I signed the offer letter, had my medical examination, had the result that I am fit to work, had my visa and without much waiting, I already had the day of my flight. I attended for the first time the mandatory PDOS (Pre-Departure Orientation Seminar), bought myself lots of sweatshirts because I will be arriving at the Kingdom of Saudi Arabia during winter season, and went home to say my goodbyes prepare things for my upcoming departure.

And oh, before I forgot, I went to the Department of Labor and made a scene there, crying in front of two lawyers! I went there because I was threatened that I will be blocklisted because I didn't followed the 30-day resignation policy. I don't know whether in their hospital or from other hospitals. I asked them if it is possible that I will be blocked, and they made a very good advice to me. *Wink*

Saying goodbye is difficult especially if it is your first time to travel abroad. No, I didn't shed a tear. I told myself not to do that. I've shed tears almost the whole four years of my college life and I promised myself that I will cry not because of petty matters.

When I came back to Manila, I've packed my things, held a simple dispedida party with my colleagues at the hospital, and met my college friends, some of them I haven't met again since graduation.

And the most important thing that happened to me? I just had a boyfriend two or three hours before boarding our plane! Nice timing, huh?

For the first time I was able to ride the plane and stepped out of the country, and started living independently. Not that I was not independent before. I have learned living away from my parents not a long time ago, but of course, this is different.

I started my new job, had the so-called culture shock, met new friends, had my very first birthday here in the Kingdom, passed my probationary period and started working as regular staff. I also passed the Saudi Council and had my license here.

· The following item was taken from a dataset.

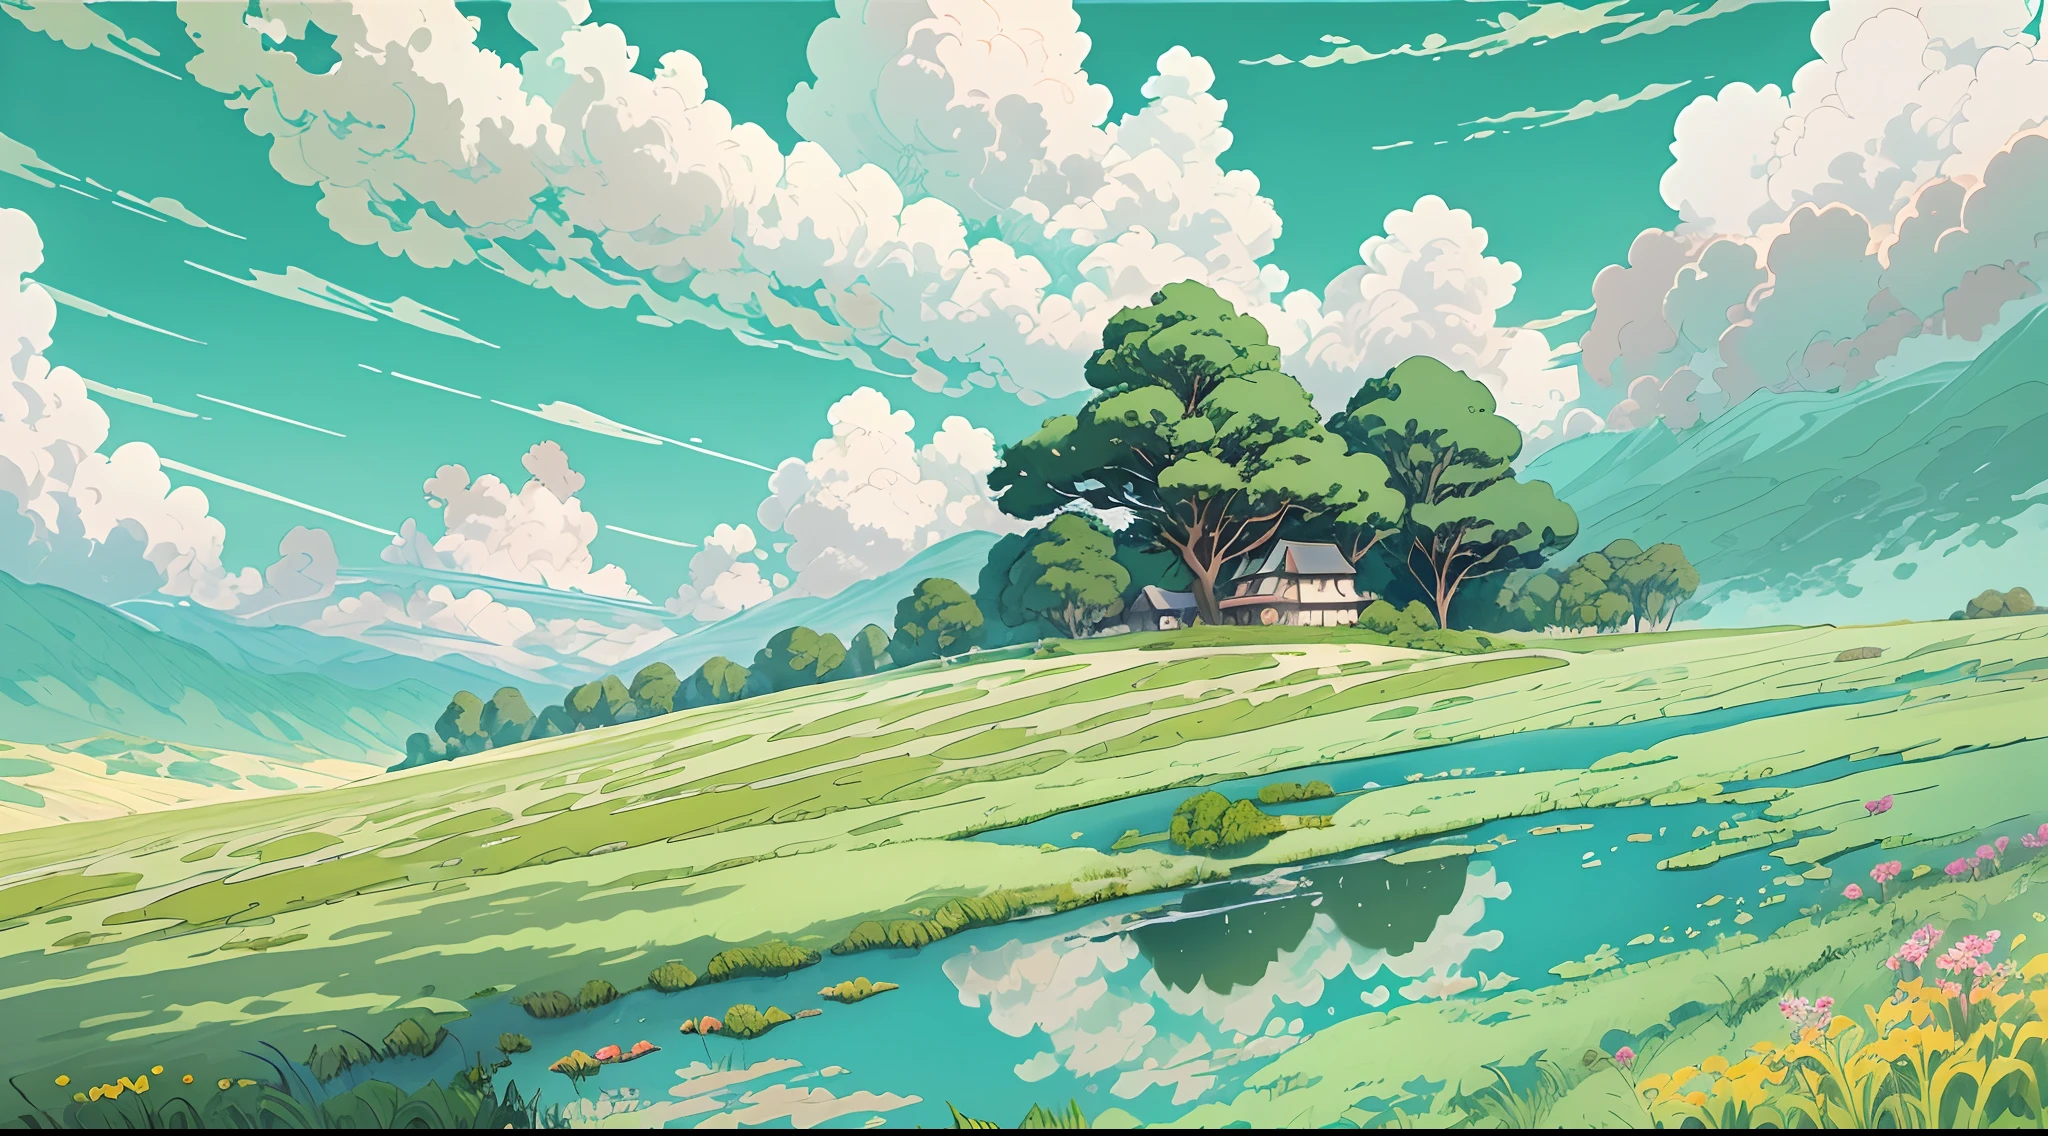 réaliste, authentique, belle et étonnante peinture à l&#39;huile de paysage Studio Ghibli Hayao Miyazaki&#39;Prairie de pétales avec ciel bleu et nuages blancs --v6

After my 6th month, I started to start as charge nurse, which means greater responsibility-- handling my own patients while handling all the patients in the ward, going with the doctor's rounds, and handling the keys of the narcotics and controlled drugs, which are equivalent to millions in the Philippines, and if anything was lost or given to the patient by mistake, it means going back to the Philippines immediately.

I had my minor accident with matching syncope while having our motorbike adventure at Azizia, got a small scratch, and was reprimanded by my boyfriend, my bestfriend, and my bestfriend's mom. Yes, you read it right. I haven't told my own mom about it but my "other" mom knows.

And because I the one earning, I was able to send my siblings to school. My sister, who was born next to me is now a graduating college student, and I am very proud that I am the one who sends her to school. Apart from that, I am also sending my brother to college. He had stopped for two years due to financial constraints.

There were times when homesickness attack me. And during those times, I always remind myself that this is not just for me and my future, but for my family as well. Sometimes, those thoughts would help me get to my senses.

I had my fair share of ups and downs, but being life as like a roller coaster, we just have to enjoy the ride.